§ What to work on: Because the images are not wanted, restate every line below word for word without them.

§ Given data:
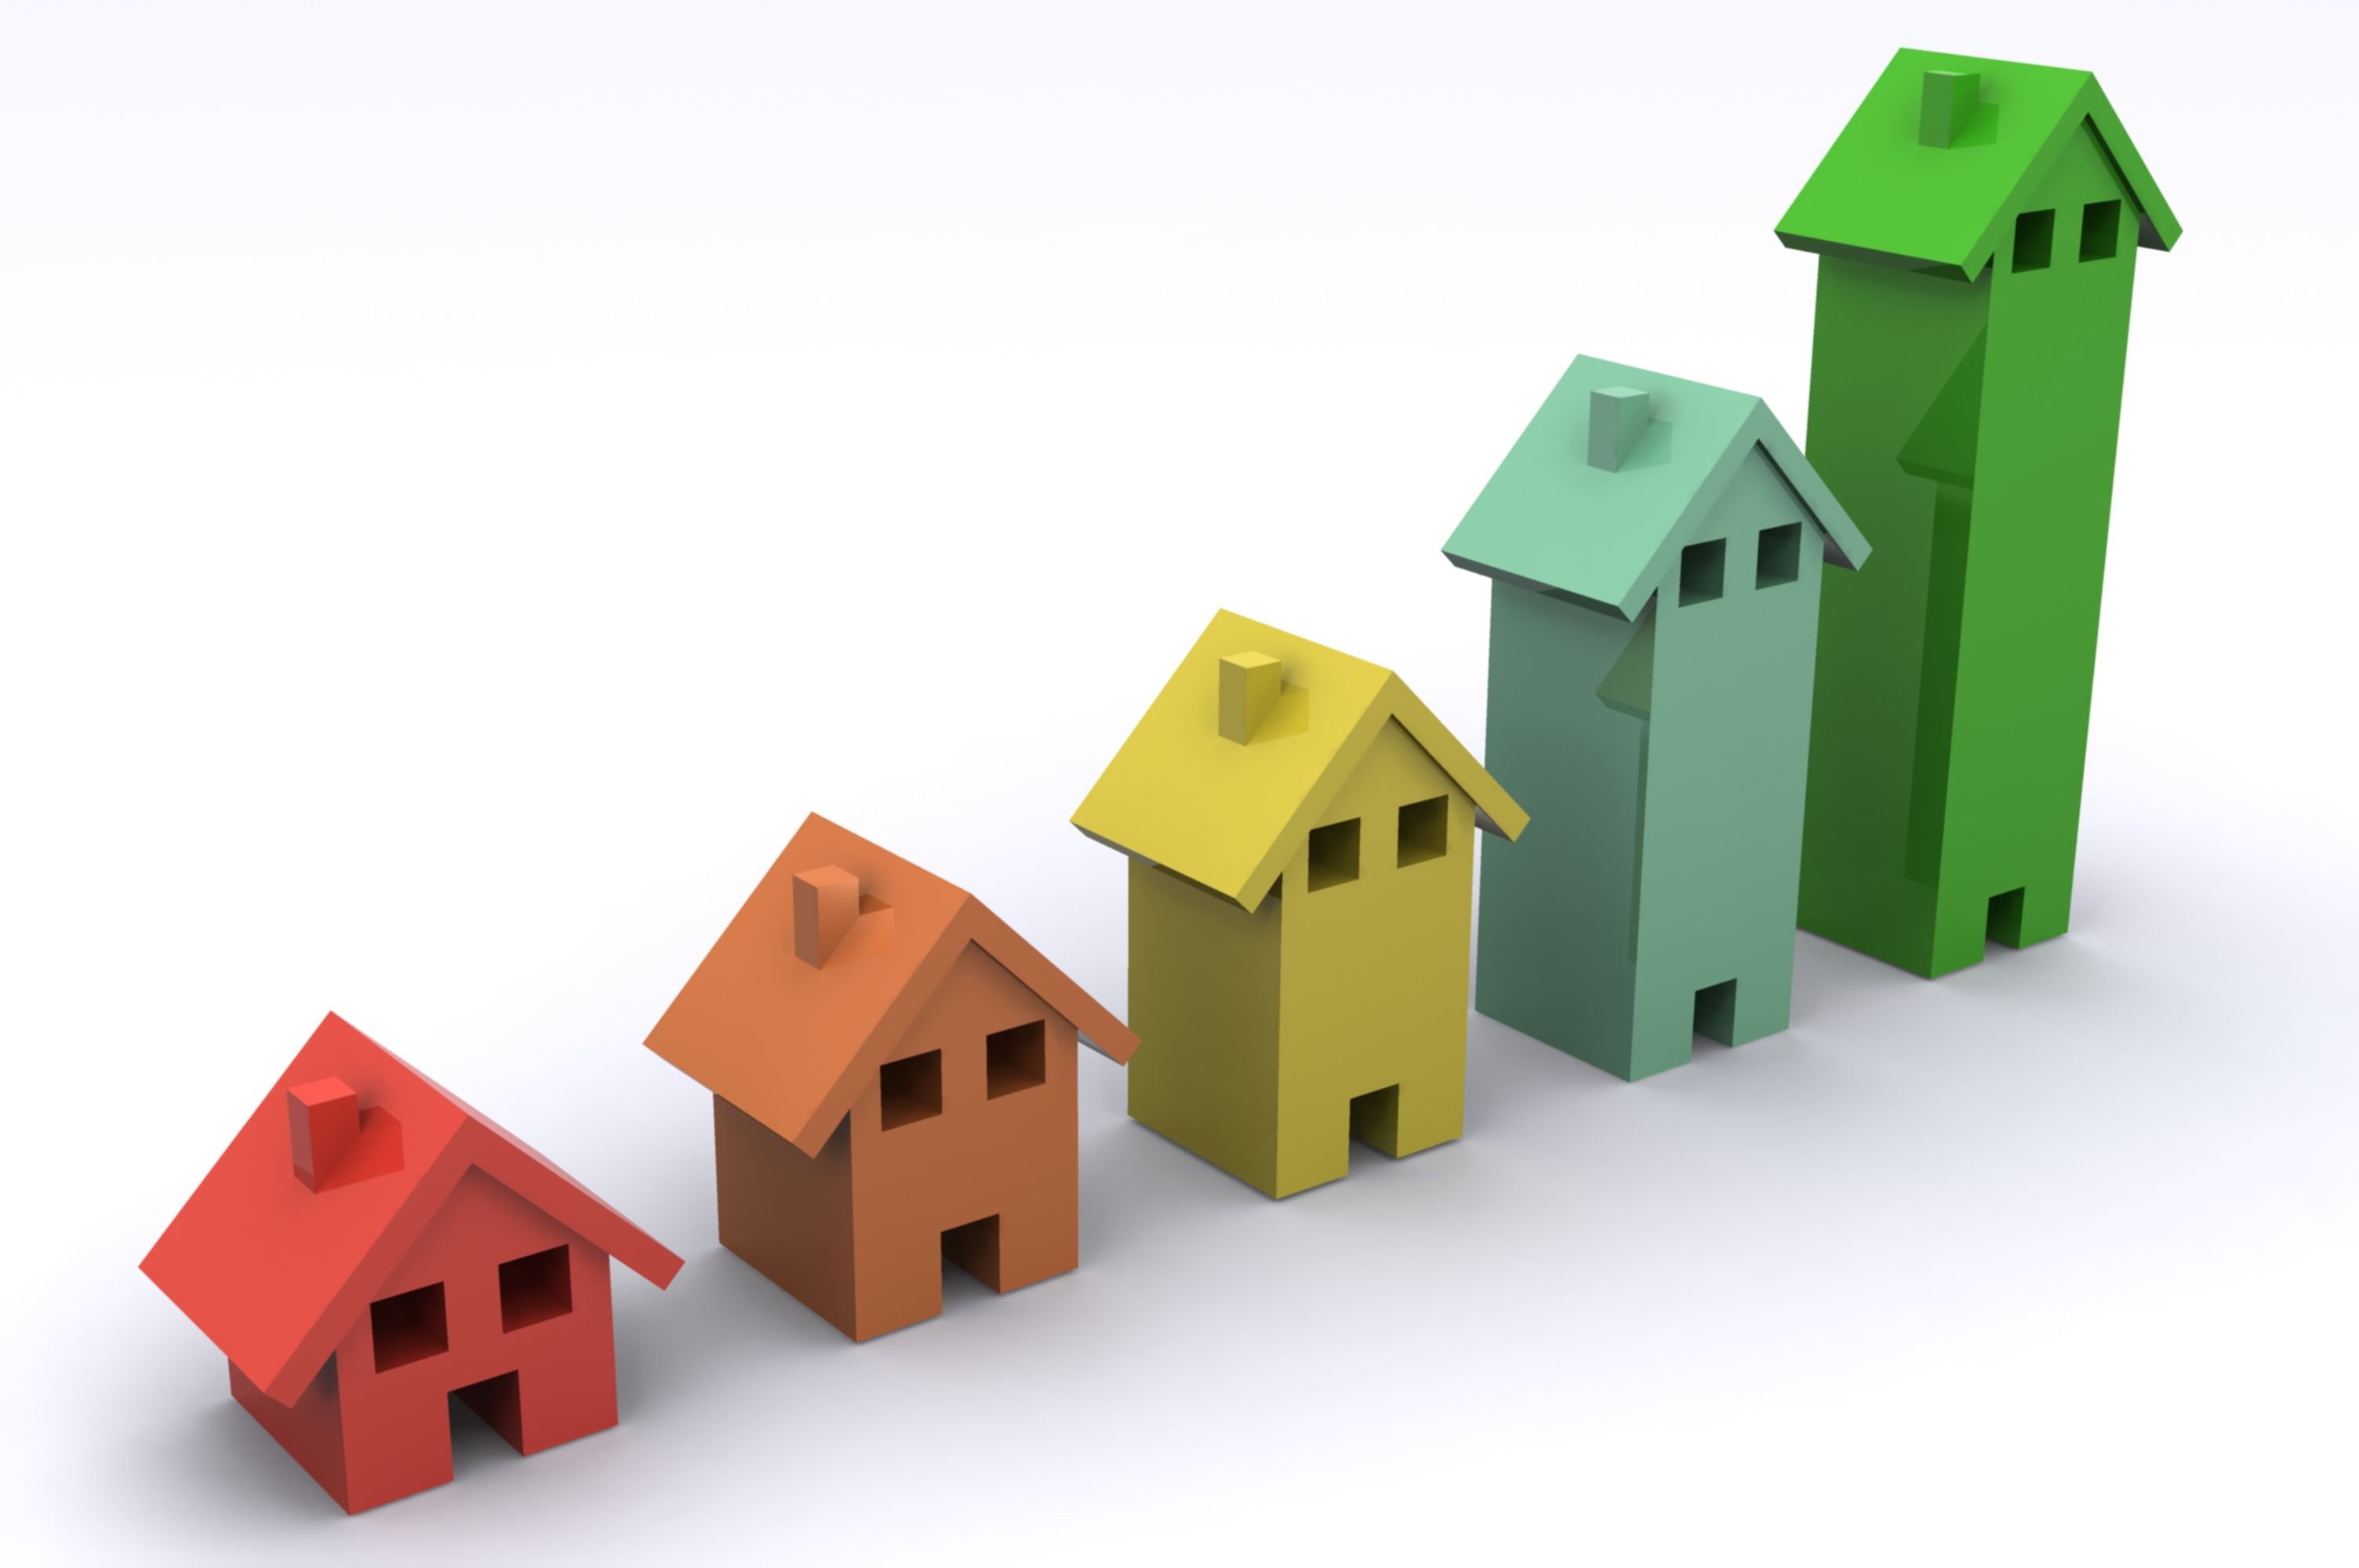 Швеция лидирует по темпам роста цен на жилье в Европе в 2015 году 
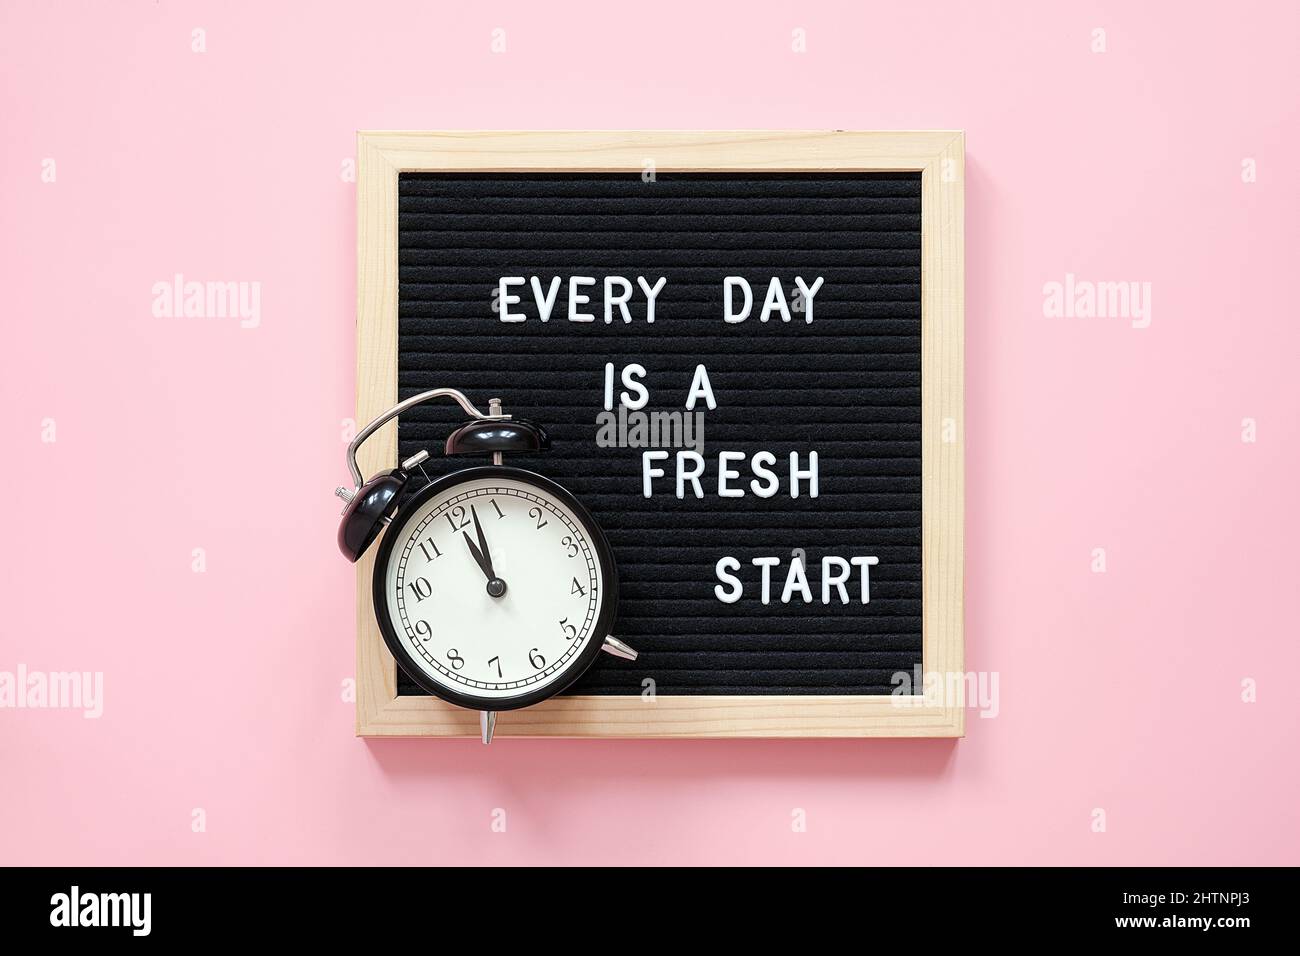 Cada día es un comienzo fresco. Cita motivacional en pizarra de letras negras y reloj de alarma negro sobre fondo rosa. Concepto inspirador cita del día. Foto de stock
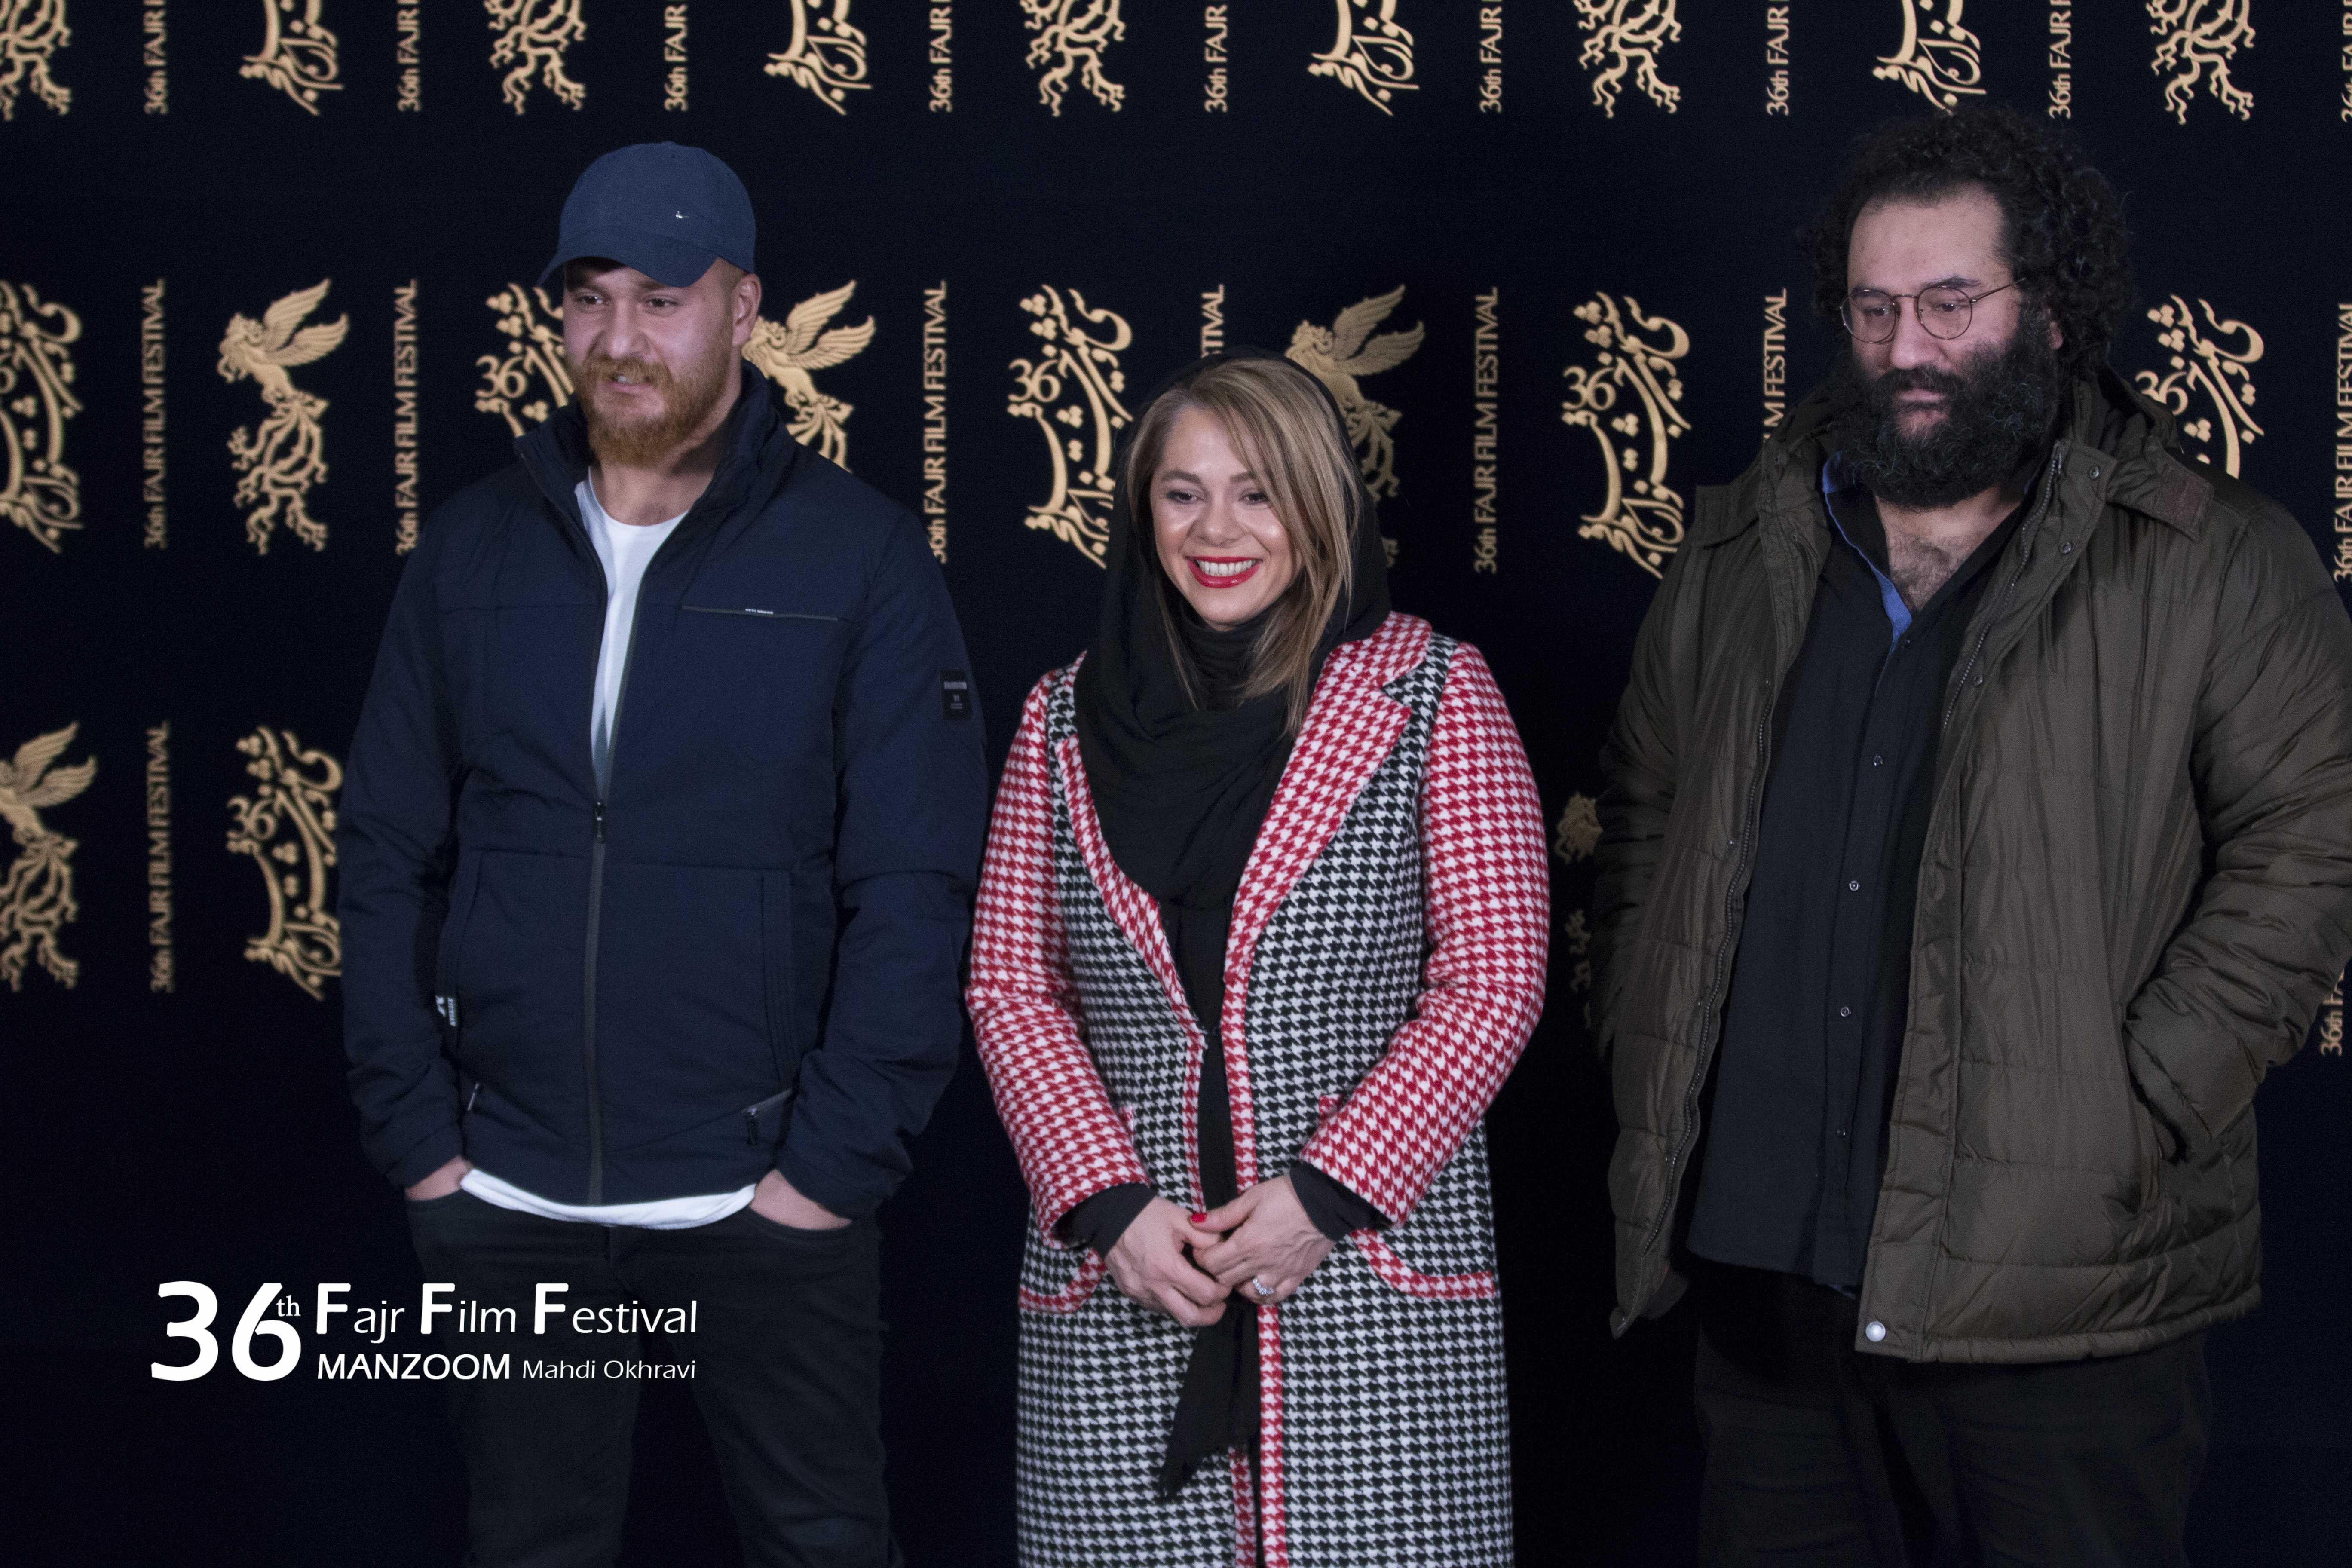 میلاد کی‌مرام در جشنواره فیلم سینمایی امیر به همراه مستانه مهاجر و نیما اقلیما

§ Solution to this problem:
 Швеция лидирует по темпам роста цен на жилье в Европе в 2015 году 
 Cada día es un comienzo fresco. Cita motivacional en pizarra de letras negras y reloj de alarma negro sobre fondo rosa. Concepto inspirador cita del día. Foto de stock
 میلاد کی‌مرام در جشنواره فیلم سینمایی امیر به همراه مستانه مهاجر و نیما اقلیما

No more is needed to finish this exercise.